Perseus-Arm der Milchstraße wirklich nur 2 Kiloparsec weit entfernt

Perseus-Arm

Er ist der Spiralarm unserer Milchstraße, der der Sonne am nächsten kommt, aber genau dieser Minimalabstand war bisher erstaunlich kontrovers geblieben: Aus der Geschwindigkeit des Perseus-Arms ergab sich mit fast 5 Kiloparsec (kpc) oder 15 000 LJ eine doppelt so große; Distanz wie aus den scheinbaren Helligkeiten von einzelnen hellen O-Sternen im Arm, deren absolute Helligkeit man zu kennen glaubte und die für nur 2,2 kpc sprachen. Der Widerspruch ist nun von Radioastronomen gelöst worden: Mit dem Very Long Baseline Array aus Schüsseln von Hawaii über die kontinentalen USA bis auf die Jungferninseln konnten sie die Parallaxen zu mehreren Objekten in einer Sternentstehungsregion im Perseus-Arm messen und dabei eindeutig die kürzere Distanz bestätigen. Was umgekehrt bedeutet, dass dieser Teil des Arms ungewöhnlich langsam um das Galaktische Zentrum rotiert, was wiederum mit der Physik hinter den Spiralarmen selbst zu tun haben dürfte.

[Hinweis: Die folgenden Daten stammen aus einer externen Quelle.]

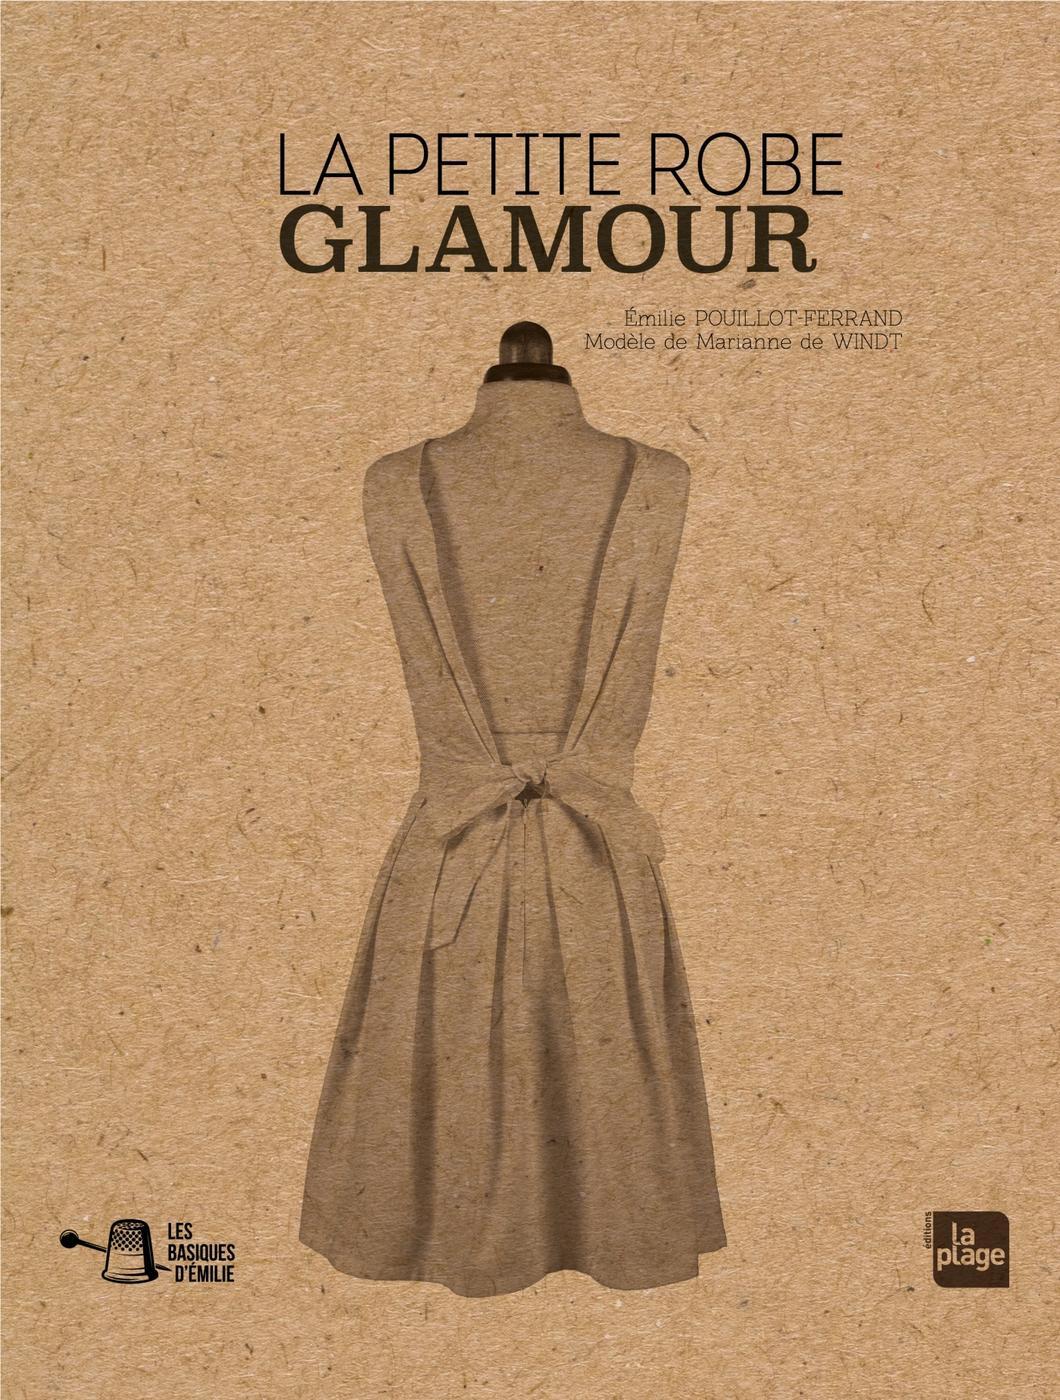 574f968fb6529 La petite robe glamour - E.Pouillot-Ferrand - Librairie Eyrolles

Untersucht wurde das massereiche Sternentstehungsgebiet W3OH, in dem es mehrere Maser-Quellen gibt: In den dichten Molekülwolken sind an mehreren Stellen die Bedingungen gegeben, um bei Methanol und Wasserdampf Laser-ähnliche Selbstverstärkung von Radiostrahlung auszulösen. Die Maser erscheinen als grelle Punktquellen am Radiohimmel, und mit dem VLBA ist es in den vergangenen Jahren gelungen, ihre Distanz rein geometrisch zu bestimmen: Die Bewegung der Erde auf ihrer Bahn dient als Basislinie, und die Maser verschieben sich im Laufe eines Jahres periodisch gegenüber extragalaktischen Radioquellen. Die Messungen von Xu et al. (Science 311 [6.1.2006] 54-7) an den Methanol-Masern haben eine Genauigkeit von 10 Mikrobogensekunden (µas), und die Parallaxe der Maser durch die Erdbahn beträgt 512±10 µas: Daraus ergibt sich eine präzise und zweifelsfreie Distanz zu W3OH von 1,95±0,04 kpc oder 6360±130 Lichtjahren. Aus Wassermasern in W3OH konnten gleichzeitig Hachisuka et al. eine Distanz von 2,04±0,07 kpc ableiten, statistisch identisch, und eine weitere unpublizierte trigonometrische Entfernungsbestimmung zum benachbarten Turner-Welch-Objekt im Perseus-Arm (ebenfalls 2,04±0.07 kpc) passt gleichfalls.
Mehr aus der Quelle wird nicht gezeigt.